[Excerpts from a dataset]
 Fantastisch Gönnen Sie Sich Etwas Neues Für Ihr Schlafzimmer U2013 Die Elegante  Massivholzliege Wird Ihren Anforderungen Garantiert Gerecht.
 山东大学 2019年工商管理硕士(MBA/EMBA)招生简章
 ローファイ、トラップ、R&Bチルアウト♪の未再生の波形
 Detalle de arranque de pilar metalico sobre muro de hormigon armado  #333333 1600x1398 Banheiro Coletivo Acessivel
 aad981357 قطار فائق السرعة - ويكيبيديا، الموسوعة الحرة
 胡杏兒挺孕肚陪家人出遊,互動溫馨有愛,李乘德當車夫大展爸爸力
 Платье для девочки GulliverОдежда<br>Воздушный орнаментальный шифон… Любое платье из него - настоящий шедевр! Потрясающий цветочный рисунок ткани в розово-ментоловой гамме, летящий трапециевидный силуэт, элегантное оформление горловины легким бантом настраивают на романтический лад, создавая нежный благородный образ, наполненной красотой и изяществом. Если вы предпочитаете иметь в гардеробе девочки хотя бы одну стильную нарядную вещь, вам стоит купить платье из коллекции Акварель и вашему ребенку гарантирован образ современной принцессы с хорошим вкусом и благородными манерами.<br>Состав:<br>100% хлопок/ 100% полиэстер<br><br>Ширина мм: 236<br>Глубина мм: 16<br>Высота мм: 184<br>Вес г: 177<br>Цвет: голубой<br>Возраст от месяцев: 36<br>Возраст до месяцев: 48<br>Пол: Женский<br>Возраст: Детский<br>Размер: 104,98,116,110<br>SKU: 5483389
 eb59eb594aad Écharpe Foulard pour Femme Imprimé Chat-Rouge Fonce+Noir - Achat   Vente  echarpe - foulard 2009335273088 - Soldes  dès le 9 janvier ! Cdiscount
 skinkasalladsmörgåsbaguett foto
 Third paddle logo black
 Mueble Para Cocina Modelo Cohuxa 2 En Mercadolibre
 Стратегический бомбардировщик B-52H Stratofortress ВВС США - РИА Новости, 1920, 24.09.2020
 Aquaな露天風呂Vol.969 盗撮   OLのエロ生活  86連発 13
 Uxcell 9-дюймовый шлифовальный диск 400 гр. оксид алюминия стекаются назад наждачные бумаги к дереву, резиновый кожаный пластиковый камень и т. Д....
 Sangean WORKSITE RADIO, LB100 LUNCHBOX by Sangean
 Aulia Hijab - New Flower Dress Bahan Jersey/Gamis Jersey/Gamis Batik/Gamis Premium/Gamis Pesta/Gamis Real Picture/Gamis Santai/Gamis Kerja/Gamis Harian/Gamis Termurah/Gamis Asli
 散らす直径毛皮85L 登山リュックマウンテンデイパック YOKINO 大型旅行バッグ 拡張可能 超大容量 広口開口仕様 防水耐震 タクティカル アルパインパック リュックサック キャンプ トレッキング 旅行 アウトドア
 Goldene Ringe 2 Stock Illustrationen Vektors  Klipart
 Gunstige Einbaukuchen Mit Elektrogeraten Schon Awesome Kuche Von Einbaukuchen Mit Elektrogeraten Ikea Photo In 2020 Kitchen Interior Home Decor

DIRECTIONS FOR THIS TASK
Retype only the lines above between the line with "Стратегический бомбардировщик B-52H" and the line with "Uxcell 9-дюймовый шлифовальный", counting those two lines as well, and keep every character as it is.

YOUR SOLUTION
 Стратегический бомбардировщик B-52H Stratofortress ВВС США - РИА Новости, 1920, 24.09.2020
 Aquaな露天風呂Vol.969 盗撮   OLのエロ生活  86連発 13
 Uxcell 9-дюймовый шлифовальный диск 400 гр. оксид алюминия стекаются назад наждачные бумаги к дереву, резиновый кожаный пластиковый камень и т. Д....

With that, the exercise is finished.